* Information shown
▬▬▬▬▬▬
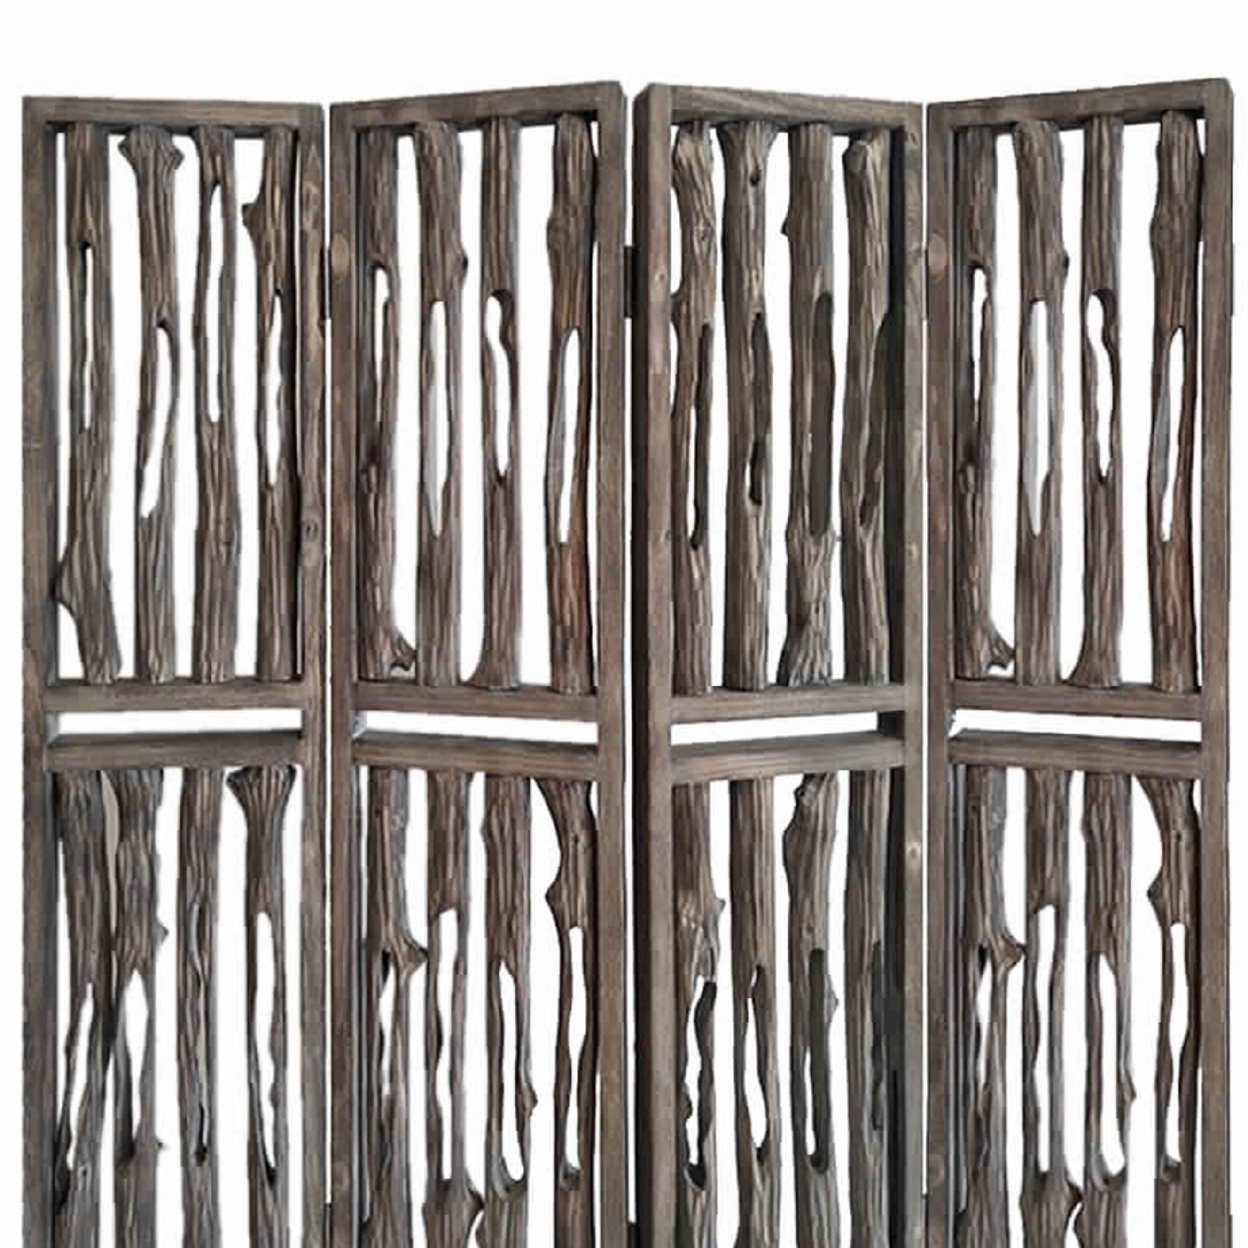 Contemporary 4 Panel Wooden Screen With Log Design, Brown- Saltoro Sherpi
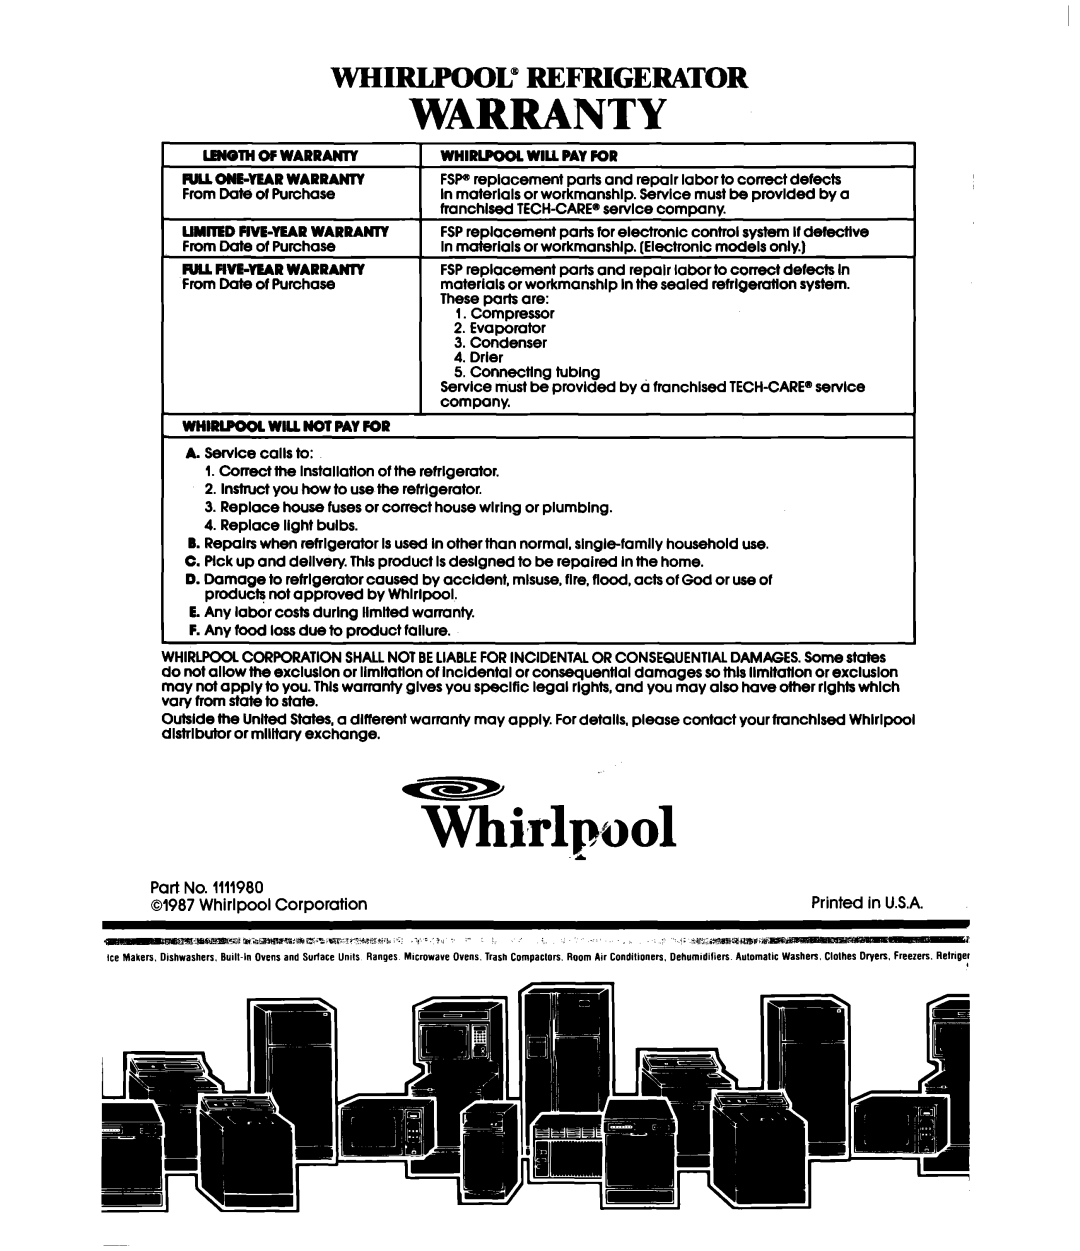 Whirlpool ET18XM manual Warranty, Tzirlpool, Whirlpooi?, Refrigerator 
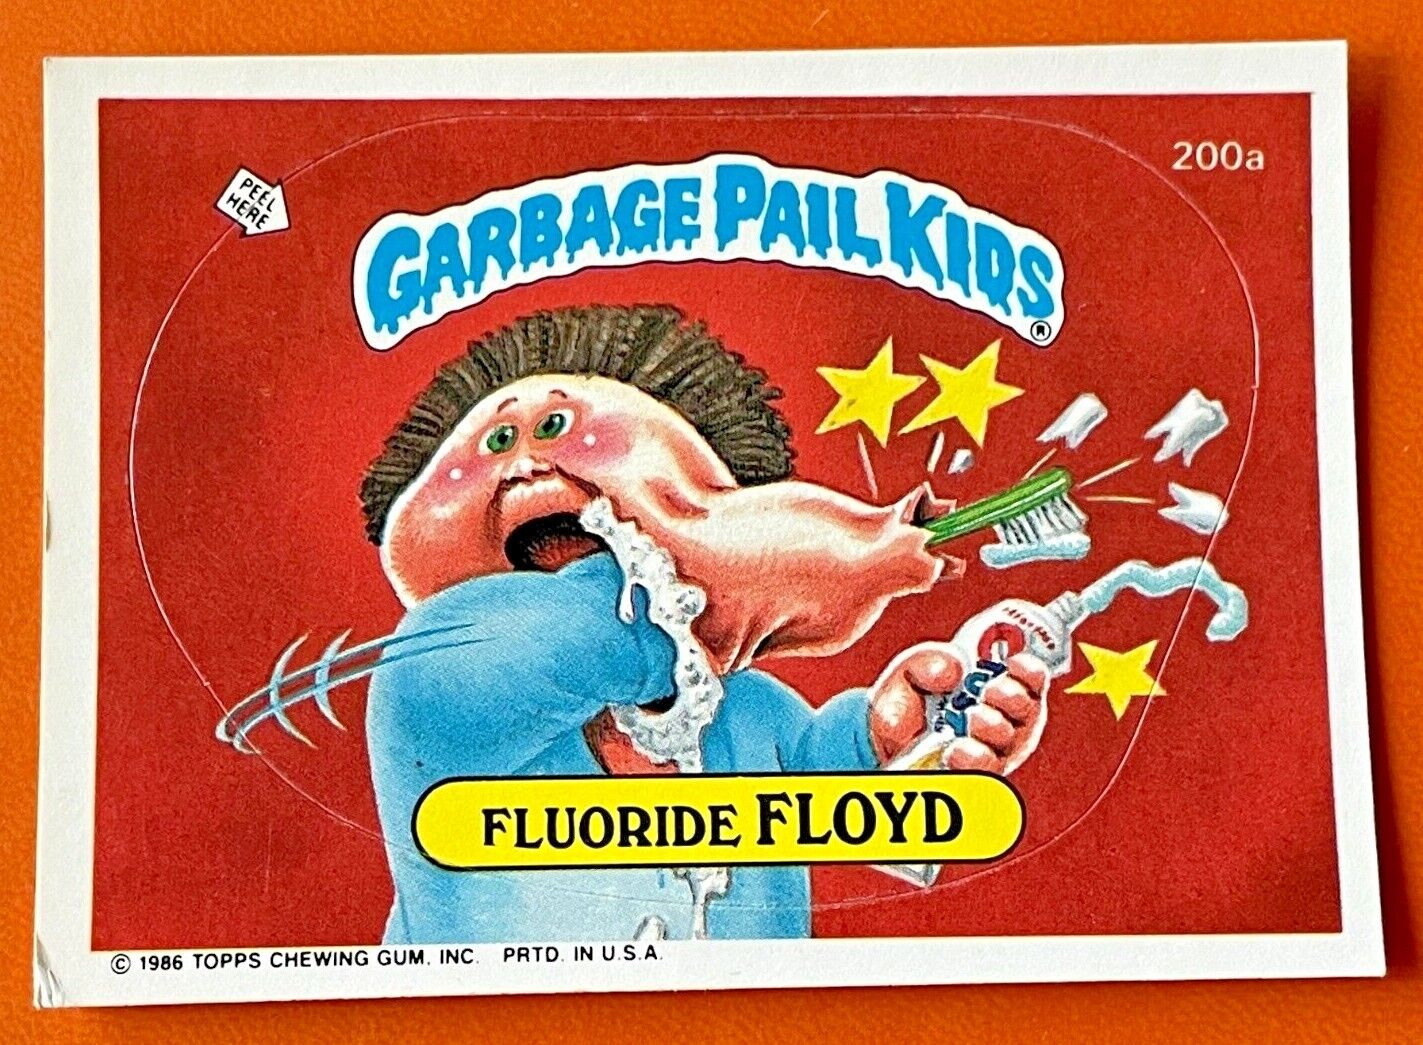 1986 Topps OS5 Garbage Pail Kids 200a FLUORIDE FLOYD Trading Card DIECUT ERROR
▬▬▬▬▬▬
* Task prompt
Output exactly, and with no pictures, the lines from the line that holds "Whirlpool ET18XM manual" through the last line of the listing above.

* Task output
 Whirlpool ET18XM manual Warranty, Tzirlpool, Whirlpooi?, Refrigerator 
 1986 Topps OS5 Garbage Pail Kids 200a FLUORIDE FLOYD Trading Card DIECUT ERROR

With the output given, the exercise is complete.